*** Block opens ***

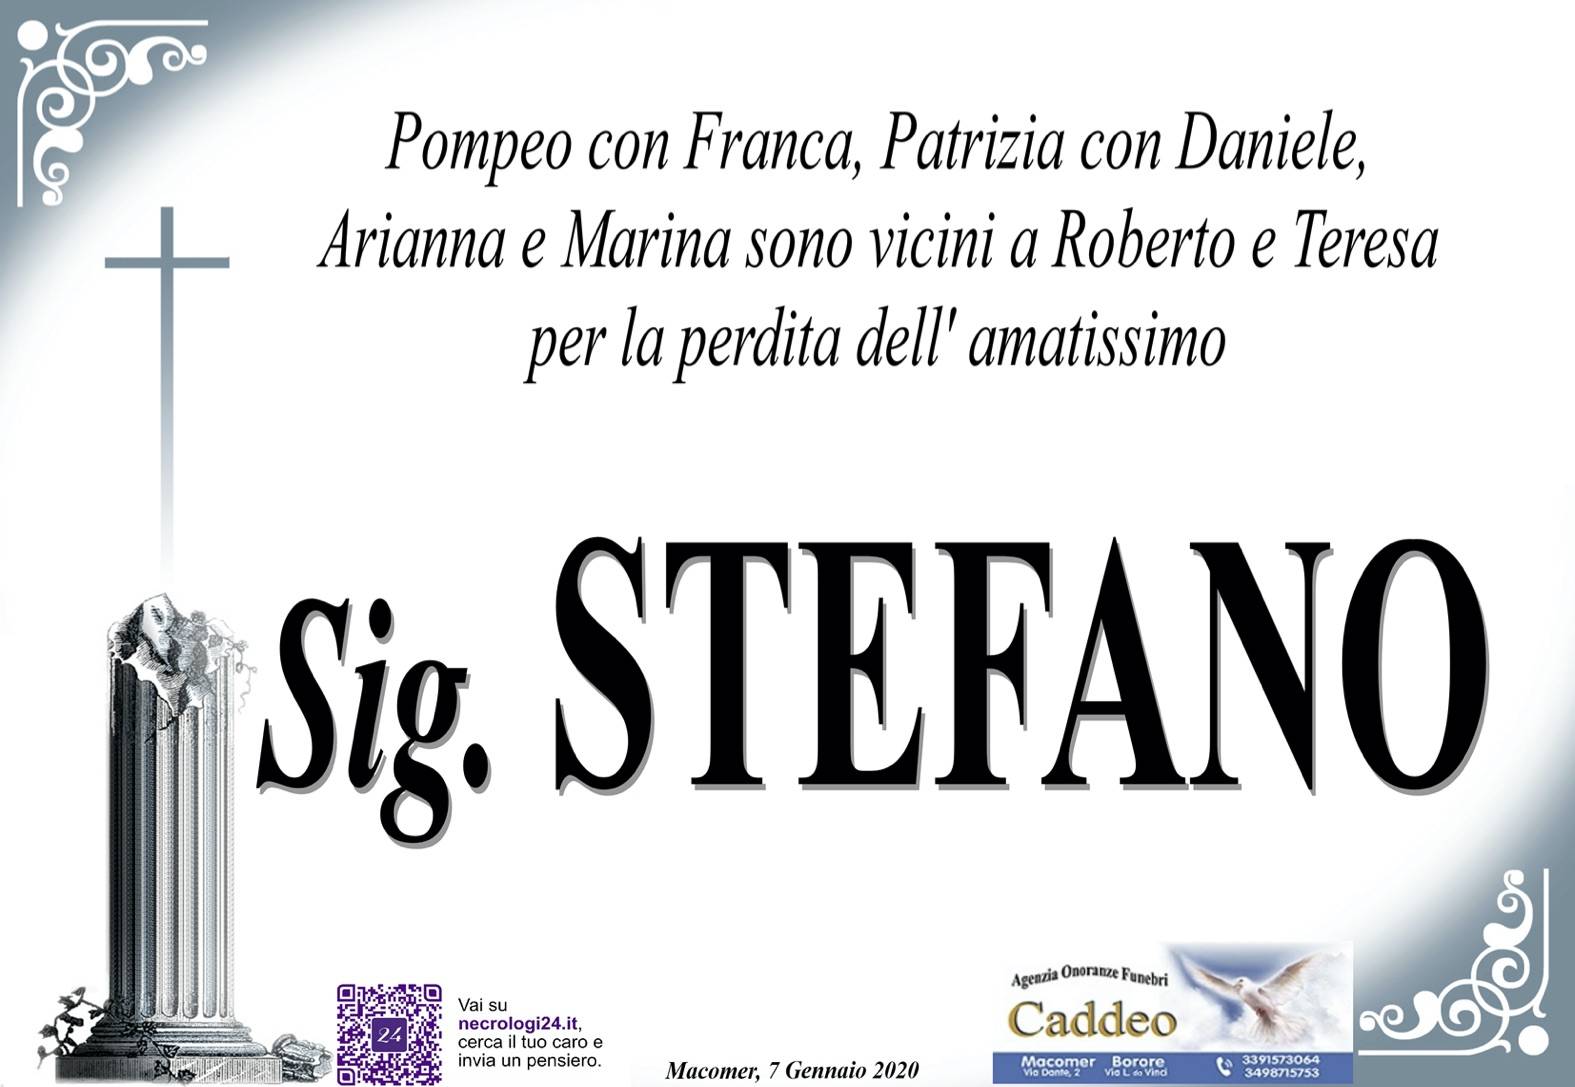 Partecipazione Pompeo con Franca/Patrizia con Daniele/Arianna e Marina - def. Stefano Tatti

*** Block closes ***
*** Block opens ***

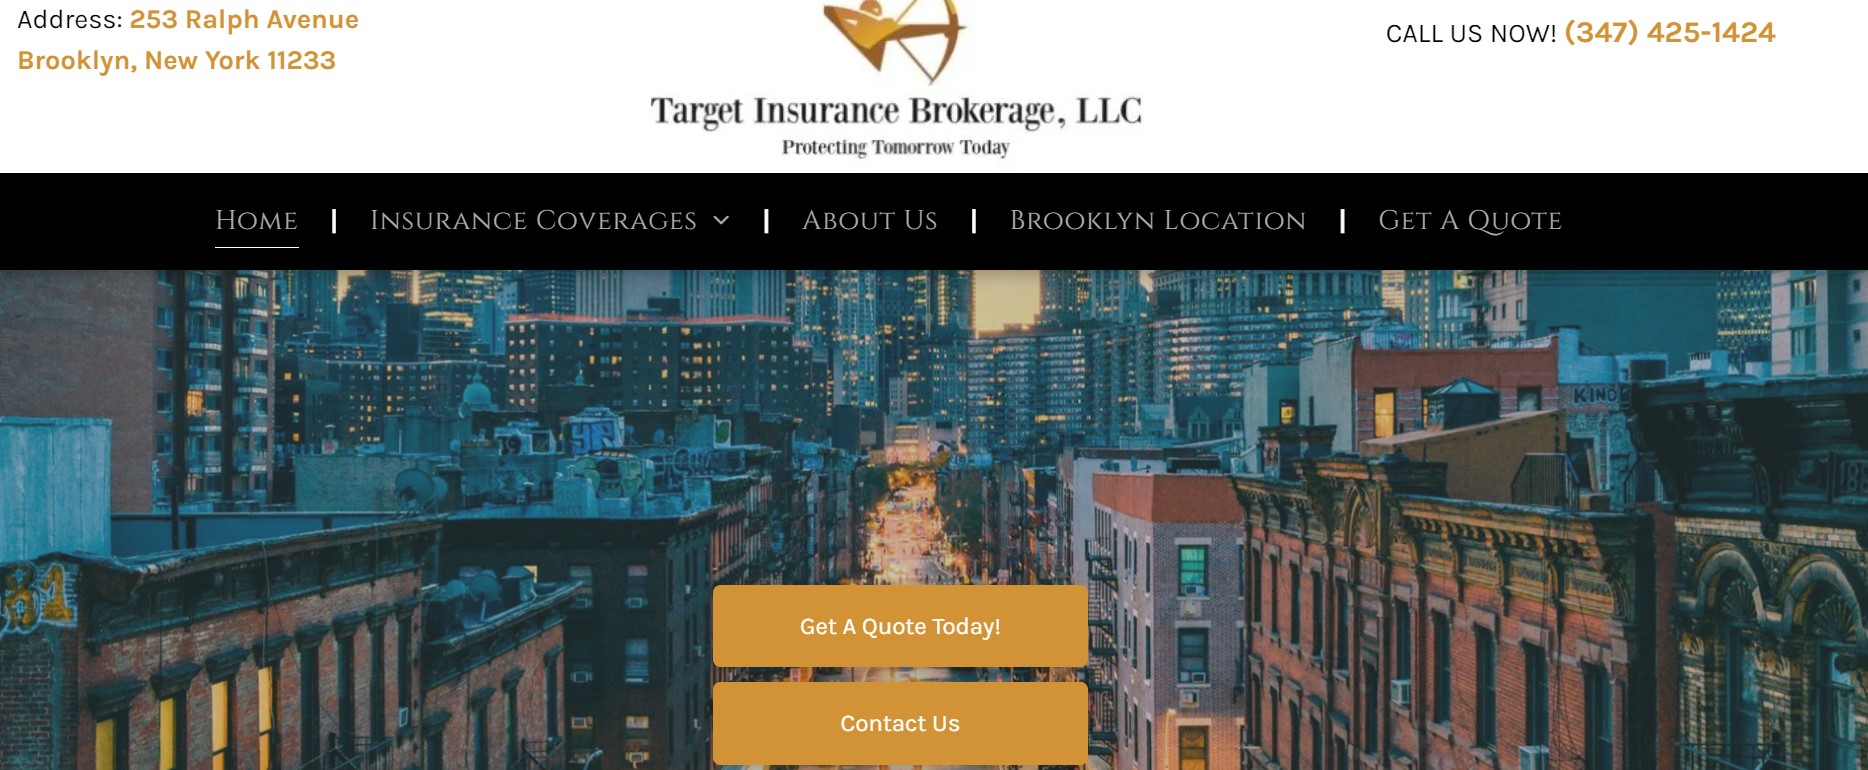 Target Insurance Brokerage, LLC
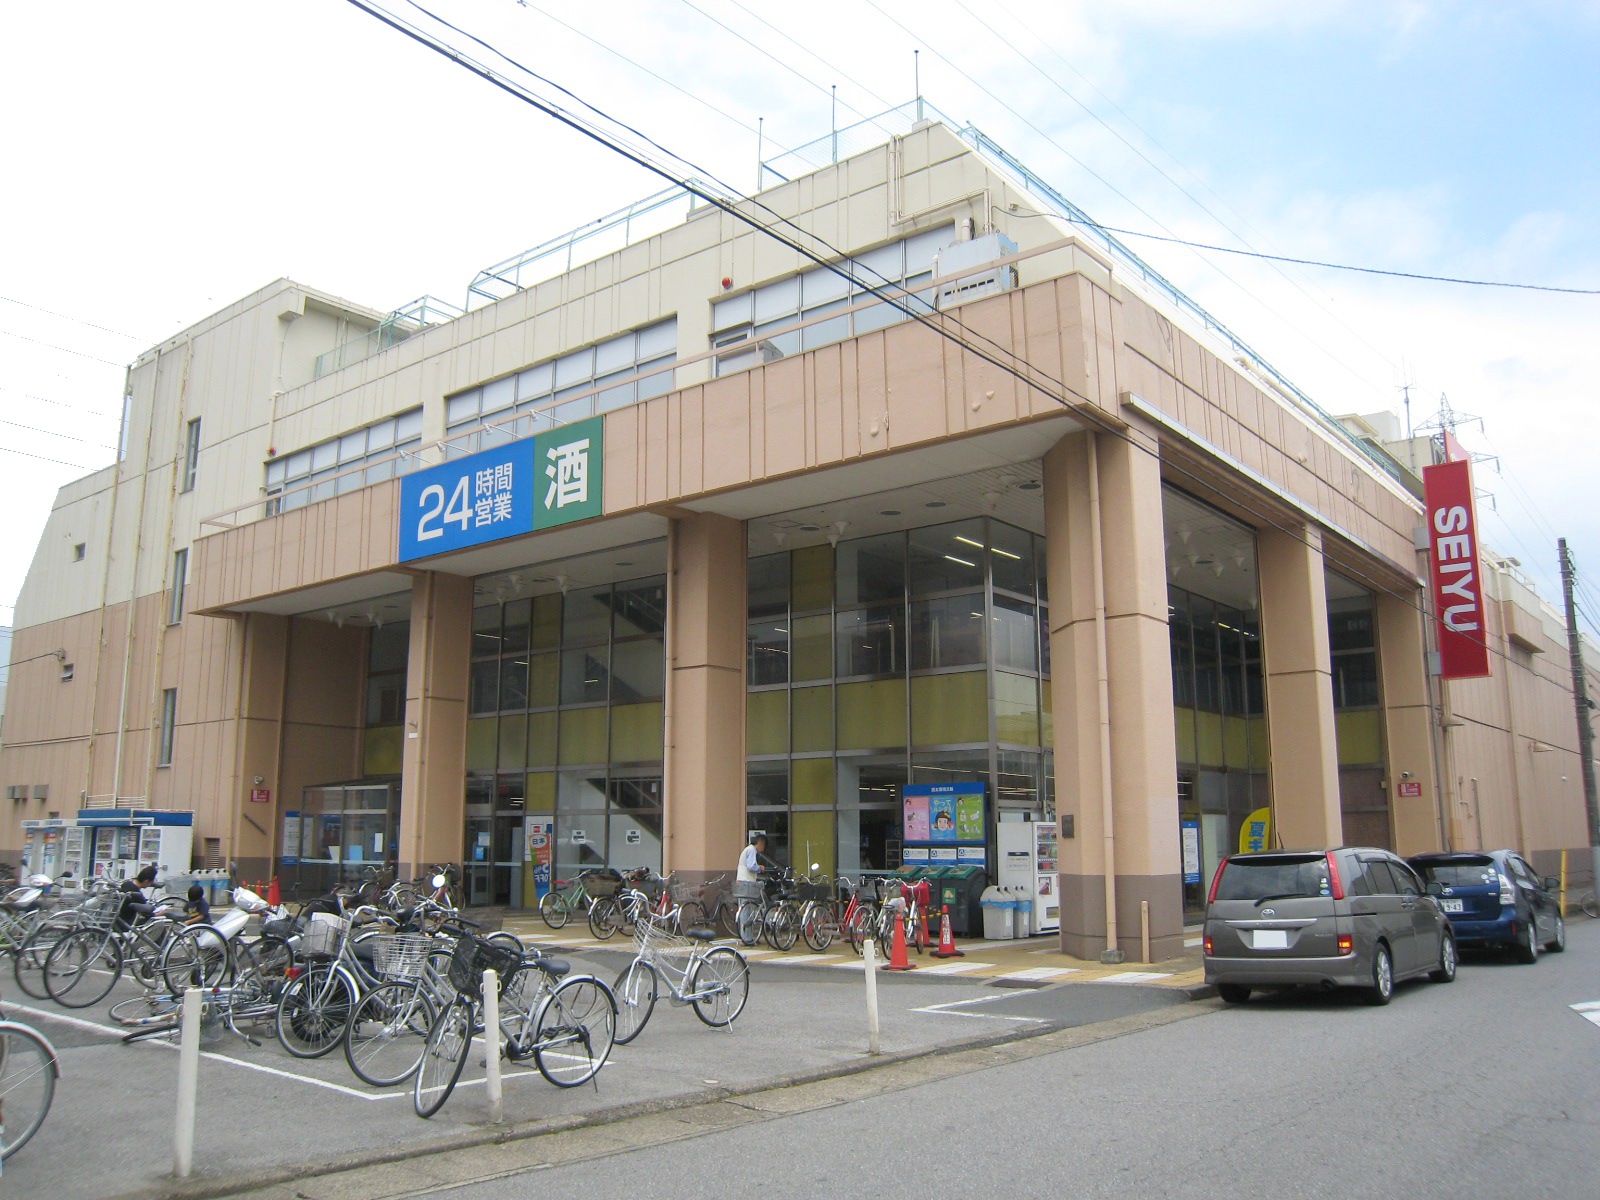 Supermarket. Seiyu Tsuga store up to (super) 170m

*** Block closes ***

▸ WHAT YOU SHOULD DO:
Nothing but the lines from the one with "Target Insurance Brokerage, LLC" to the one with "Supermarket. Seiyu Tsuga" above, both included, should be transcribed, exactly and without pictures.

▸ ANSWER TO THIS TASK:
 Target Insurance Brokerage, LLC
 Supermarket. Seiyu Tsuga store up to (super) 170m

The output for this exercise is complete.